=== EXERCISE INSTRUCTIONS ===
Your response is a verbatim copy of the listing, stripped of its images.

=== RECORDED DATA ===
○ ○ ○ ○ ○ ○ ○
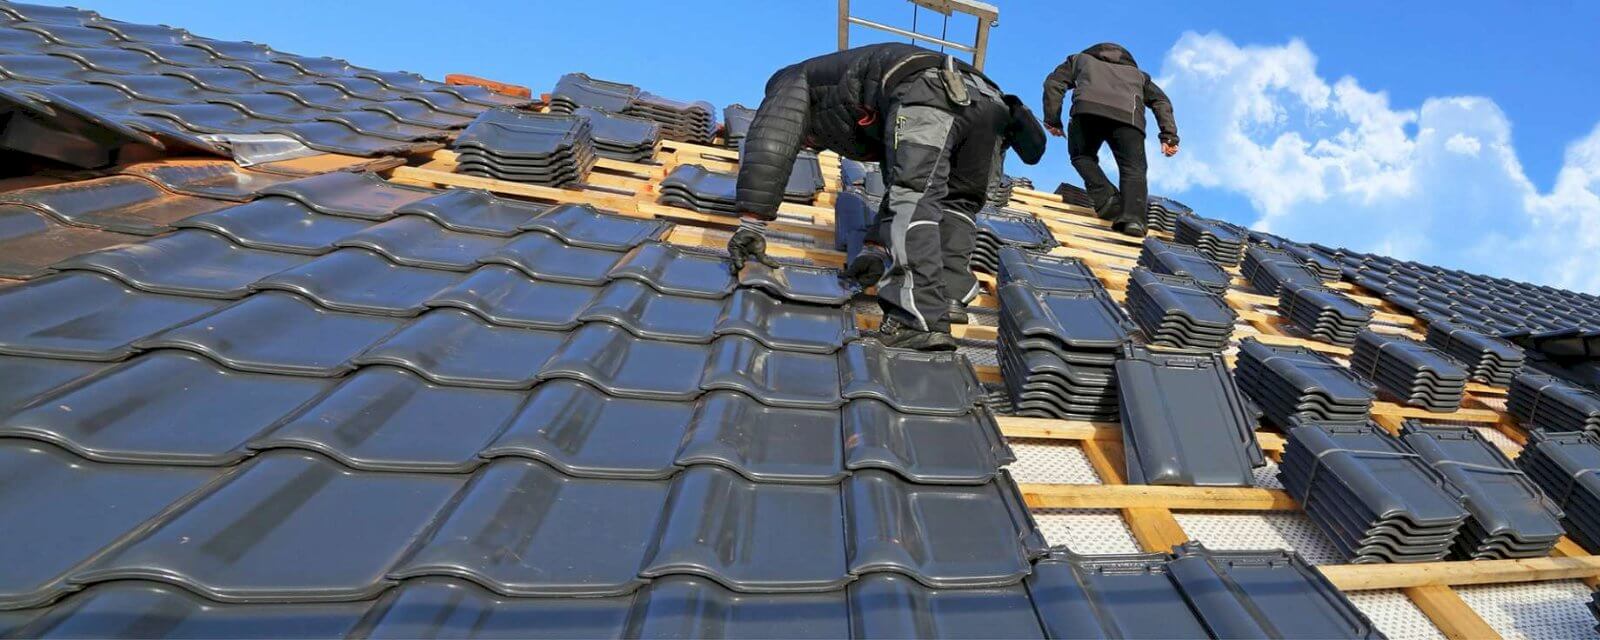 Réfection de toiture : les différents travaux
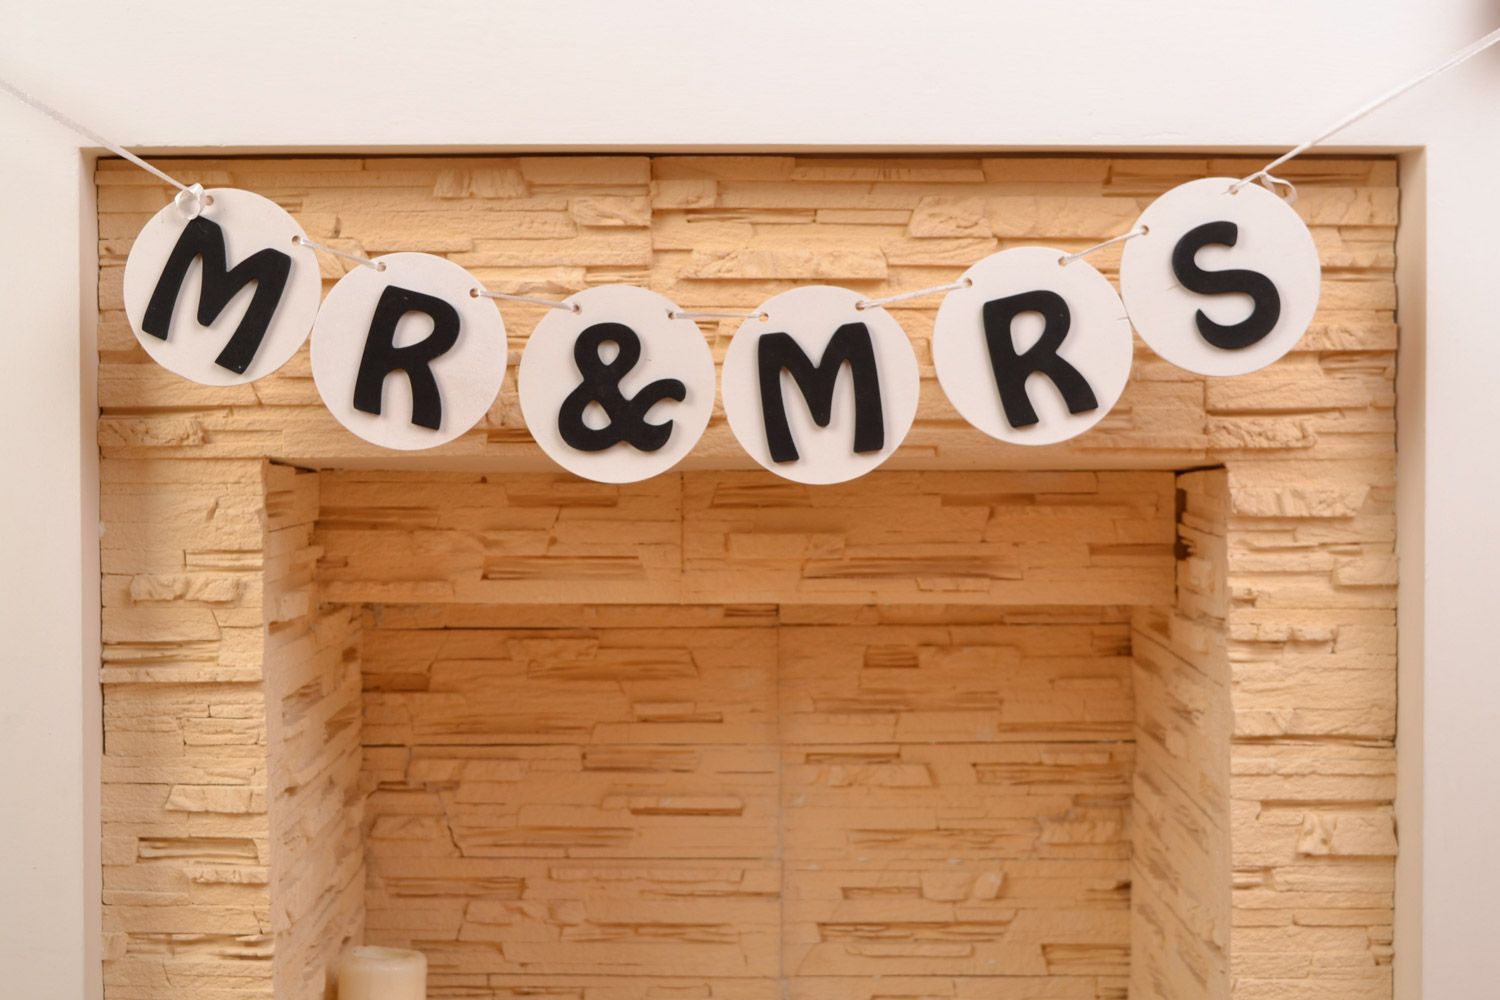 Свадебная гирлянда Mr&Mrs из фанеры небольшая на атласной ленте ручная работа фото 1
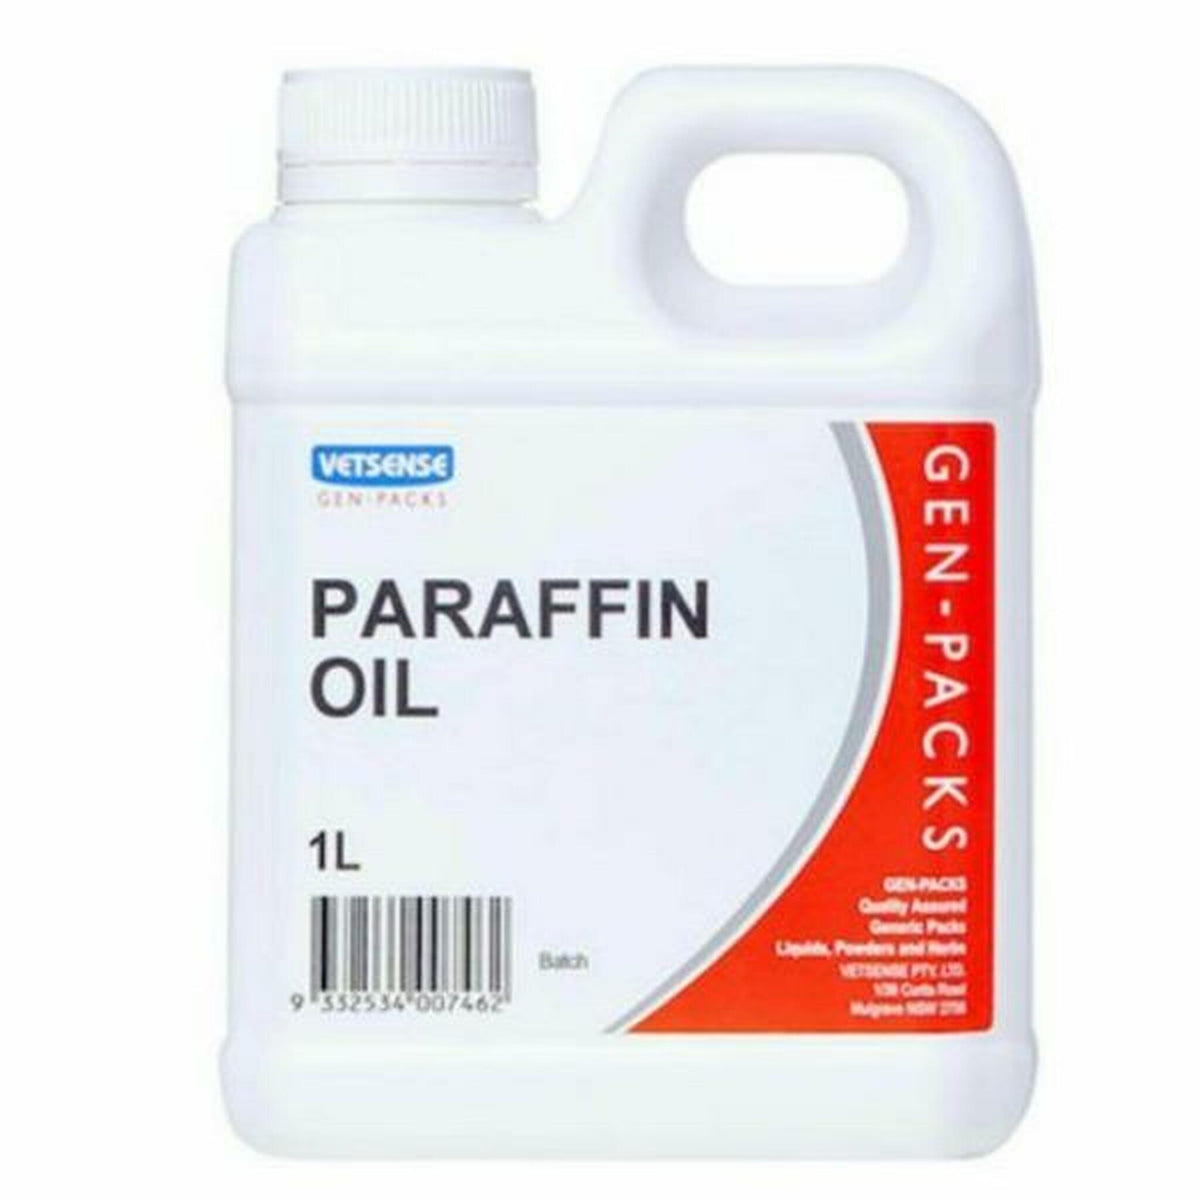 PARAFFIN OIL
○ ○ ○ ○ ○ ○ ○
=== YOUR SOLUTION ===
 Réfection de toiture : les différents travaux
 Свадебная гирлянда Mr&Mrs из фанеры небольшая на атласной ленте ручная работа фото 1
 PARAFFIN OIL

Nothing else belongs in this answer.